Why You Shouldn’t Drink and Fly
With the potential come back of the avian flu during some of the coldest winter weather in a long time, it is no surprise that alarm bells have been ringing in Romania when a flock of birds mysteriously died. However according to Veterinarians, they were just simply drunk.
The authorities of the Black Sea city of Constanta were alerted by startled residents on Saturday after they had found dozens of dead starlings. They feared that these starlings had been infected with bird flu which triggered mass deaths in avian populations globally in 2004 to 2006.
The head of Constanta’s veterinary authority, Romeu Lazar, said “Tests on five birds showd gizzards full of grape marc which caused their death”. Grape marc is a pulpy residue which is a by-product of making wine.
The chief said, “This also applies to two dead crows we tested. Birds are not used to alcohol but harsh weather and snow had prevented birds from finding food. Had they been able to eat some seeds, this would have diluted the poison”.
It is presumed that the grape marc consumed by the starlings had come from a nearby winery, but Lazar is uncertain as to which vineyard it came from.
During the past few weeks, there have been a series of unexplained mass bird deaths in several nations around the world such as Sweden and the United States.
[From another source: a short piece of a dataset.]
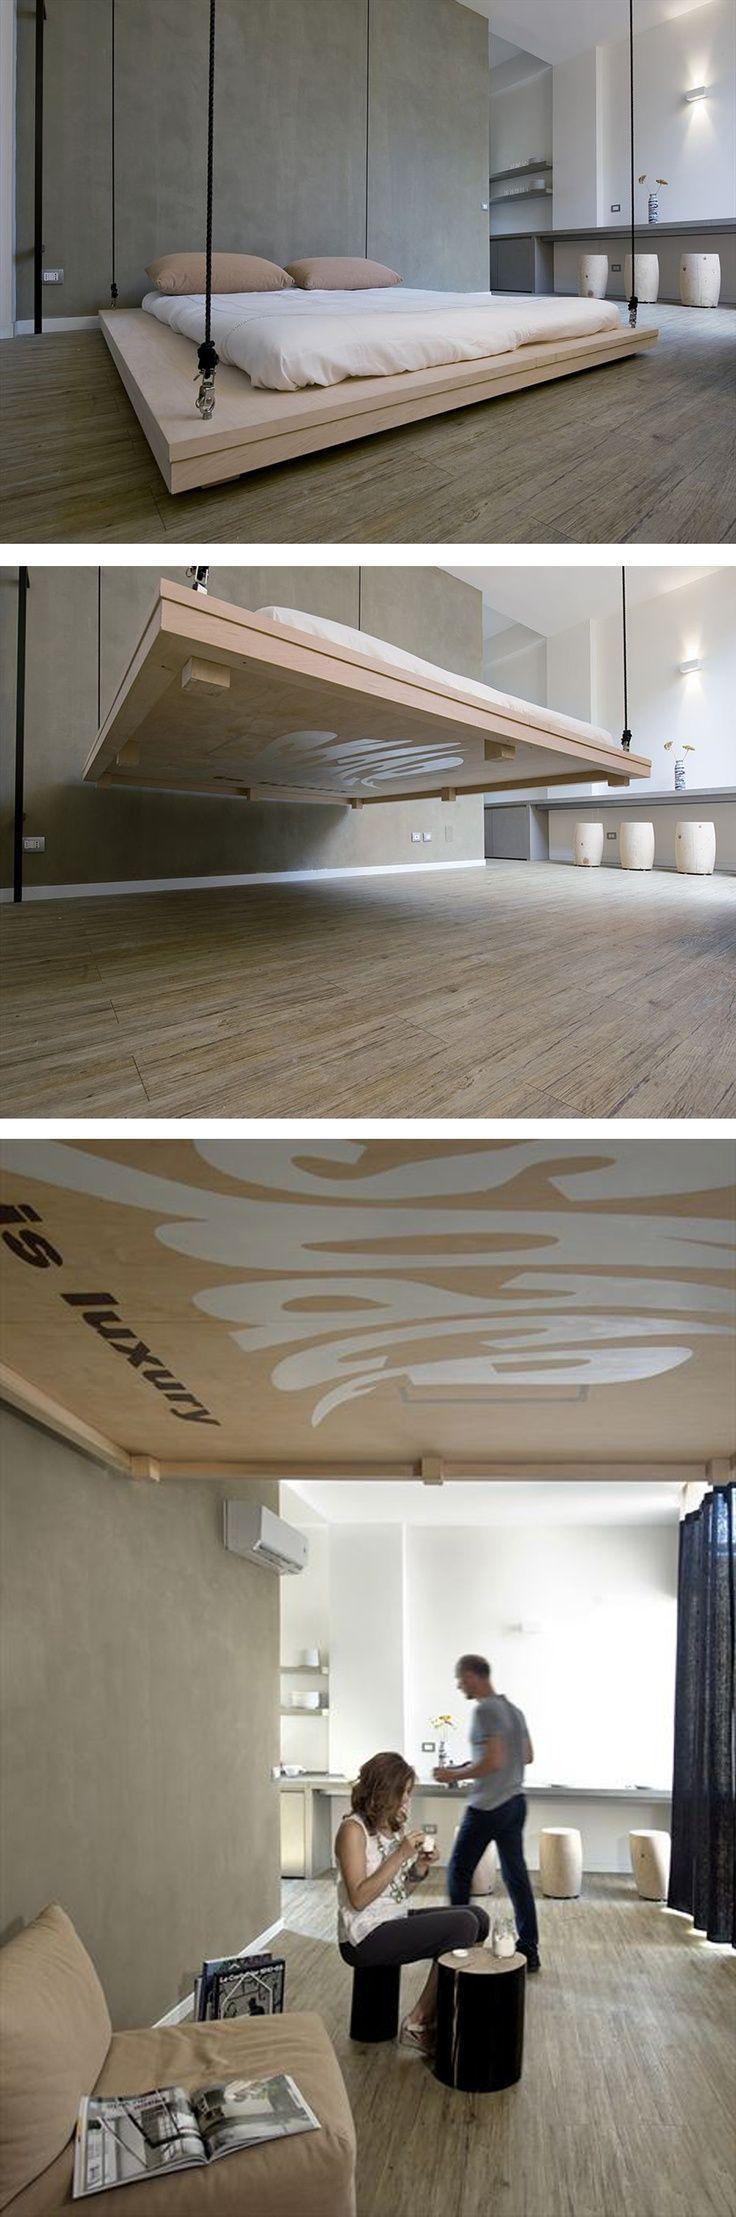 17 meilleures id es propos de chambre avec plafond haut. Black Bedroom Furniture Sets. Home Design Ideas

Hundreds of dead birds were found this month in Louisiana, as well as 5,000 dead birds in Arkansas during New Year. In Sweden, the authorities are investigating he deaths of 100 jackdaws which were all found in a street in Falköping Municipality. Experts state the possible cause of all of these mass bird deaths include hail, lightning, storms, or collisions with power lines or aeroplanes.
This is not the first time that birds have mysteriously fallen from the sky for drinking and flying. In the charming city where Mozart penned his beautiful music, 40 birds fell from the sky. The sweet songbirds which died feel to a then less publicised but an everpresent threat to birds – drinking and flying. The national veterinary authority carefully analysed these deceased birds and found scarred livers, broken necks – and no form of flu viruses.
As they connected facts like veterinary CSI, the Viennese authority realised that they had most likely eaten rotting berries. As these berries fermeneted, they produced alcohol which in turn alcohol intoxicated these poor birds. In fact, their livers showed so much damage from drinking that it actually looked as if these birds were chronic alcoholics. These tipsy birds then flew into windows around Vienna and broke their necks – thereby becoming just another statistic as an avian public-service warning against drunk flying.
As yet, the authorities around the world discovering the culprits have not released any word whether this menace to national airspace will continue. As it seems that the victimes in both Austria and Romania were frequent drinkers, one may wonder if there are any more birds out there who are setting themselves up for a crash.